Selon certaines recherches, les influences interlinguistiques paraissent également en relation avec l’âge. Différents chercheurs signalent que les influences interlinguistiques sont plus importantes chez les jeunes apprenants que chez les plus âgés et interviennent surtout dans l’acquisition d’une L2 (Harley, 1986 ; Singleton, 1989 ; Singleton et Lengyel, 1995), bien plus que dans l’acquisition d’une L3 où elles sont très limitées. Etant donné que nous nous intéressons aux apprenants adultes, ce facteur d’âge ne devrait pas aggraver les influences interlinguistiques.
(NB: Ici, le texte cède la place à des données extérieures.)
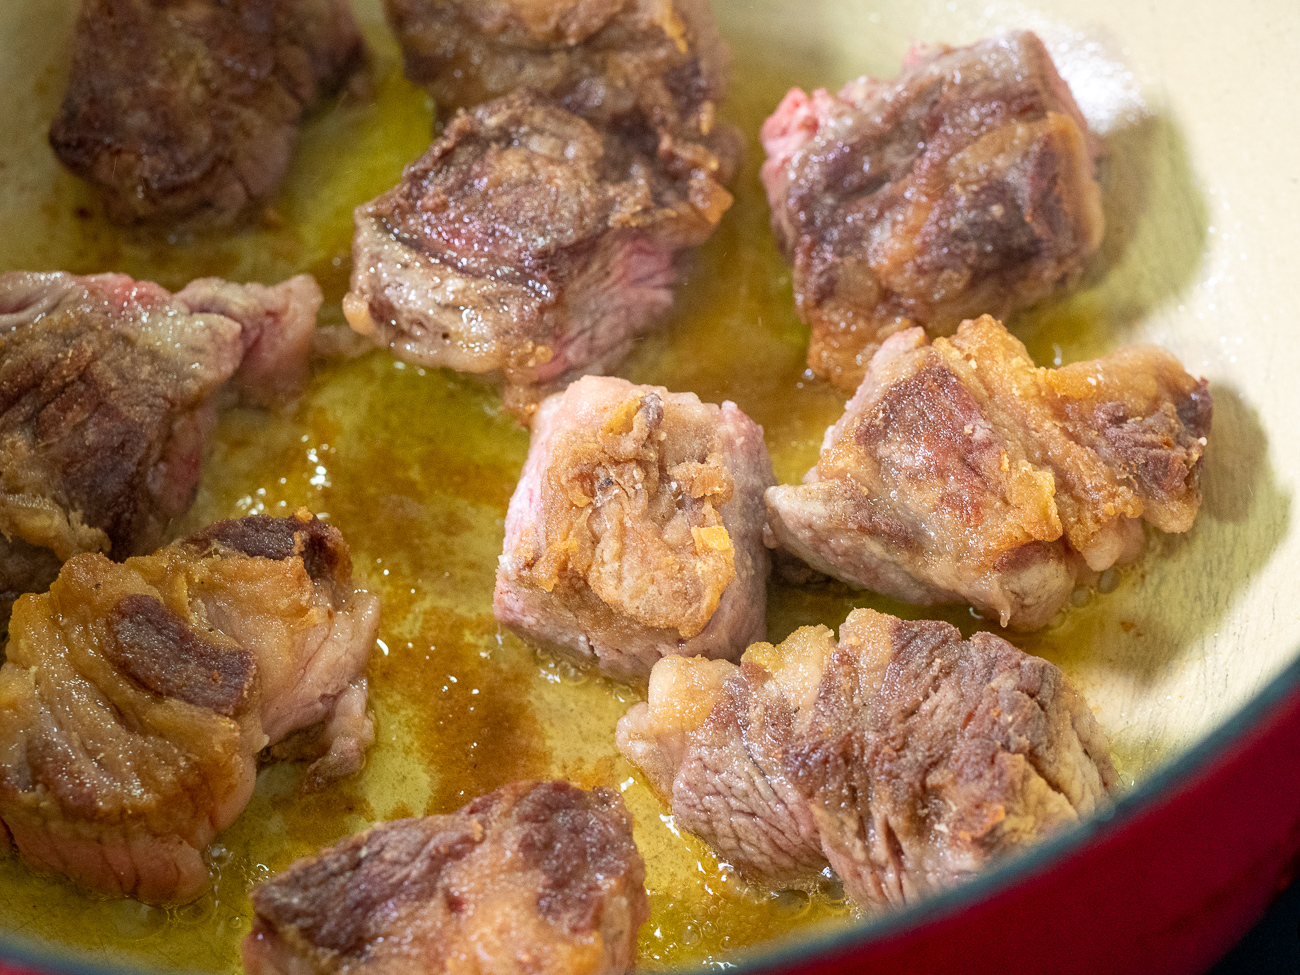 Combine salt, pepper, and flour in a large bowl. Toss beef with flour mixture. Heat 2 teaspoons oil in oven-safe stockpot over medium heat. Add beef and cook until browned on the outside and just beginning to caramelize. Remove beef from pan.
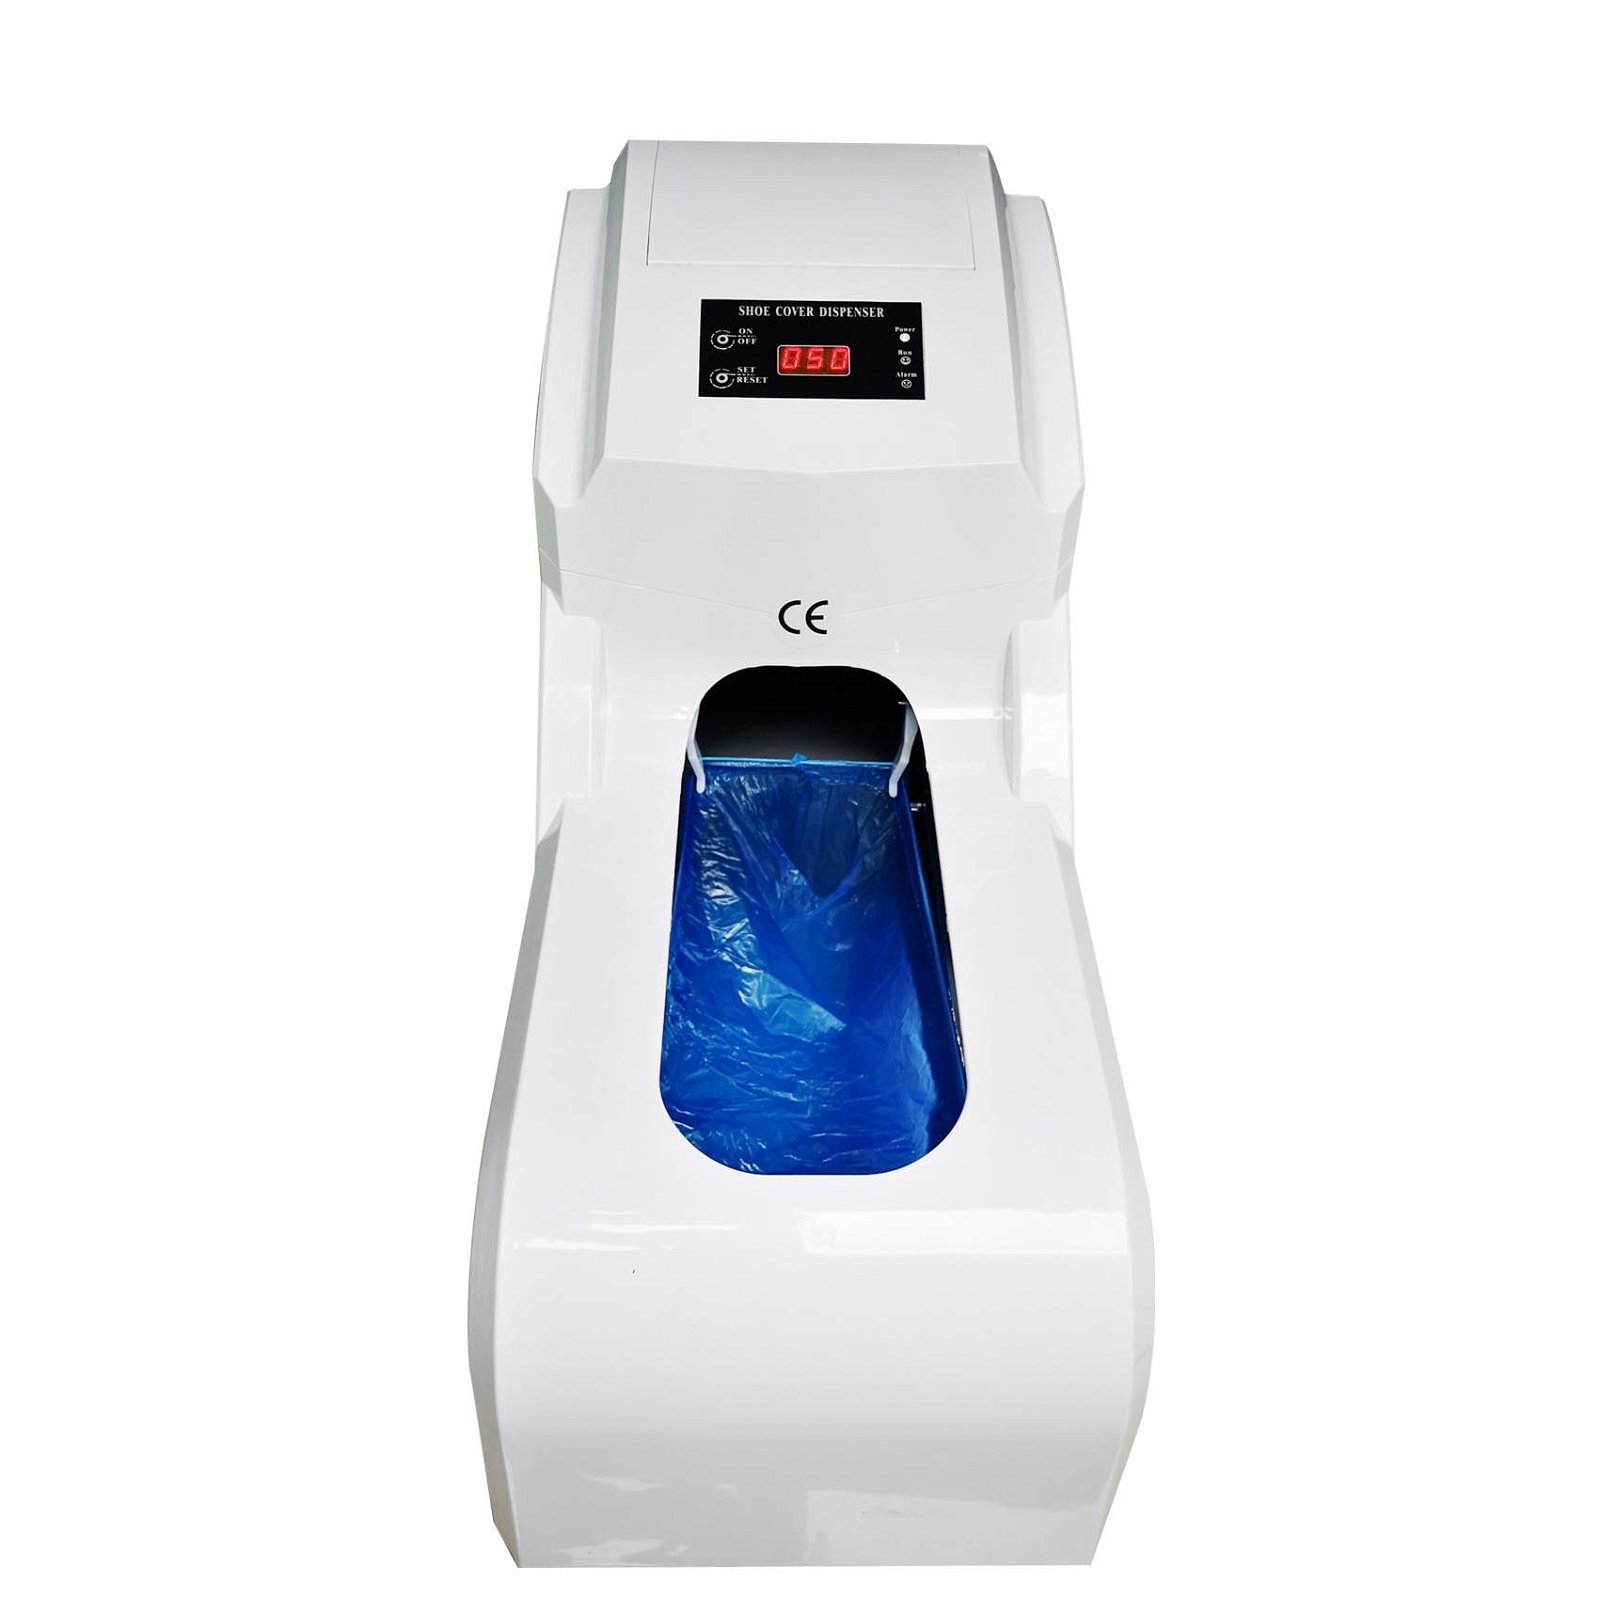 E-SD22 Clean Room Home Business Shoe Covers Dispenser 1

Cenoz (2001) va plus loin en précisant que ces influences interlinguistiques peuvent provenir du développement cognitif et métalinguistique de l’enfant, et pense que ces deux aspects sont dépendants de l’âge de celui-ci. En s’appuyant sur l’expérimentation faite par Cenoz, on pourrait en déduire que les apprenants les plus âgés ont une perception plus claire de la distance linguistique qu’il y a entre L1 et L2 en cours d’apprentissage de L3. Ainsi cette perception peut, dit-il, influencer le choix de la langue de départ qu’ils utilisent dans les transferts d’une langue qu’ils connaissent déjà.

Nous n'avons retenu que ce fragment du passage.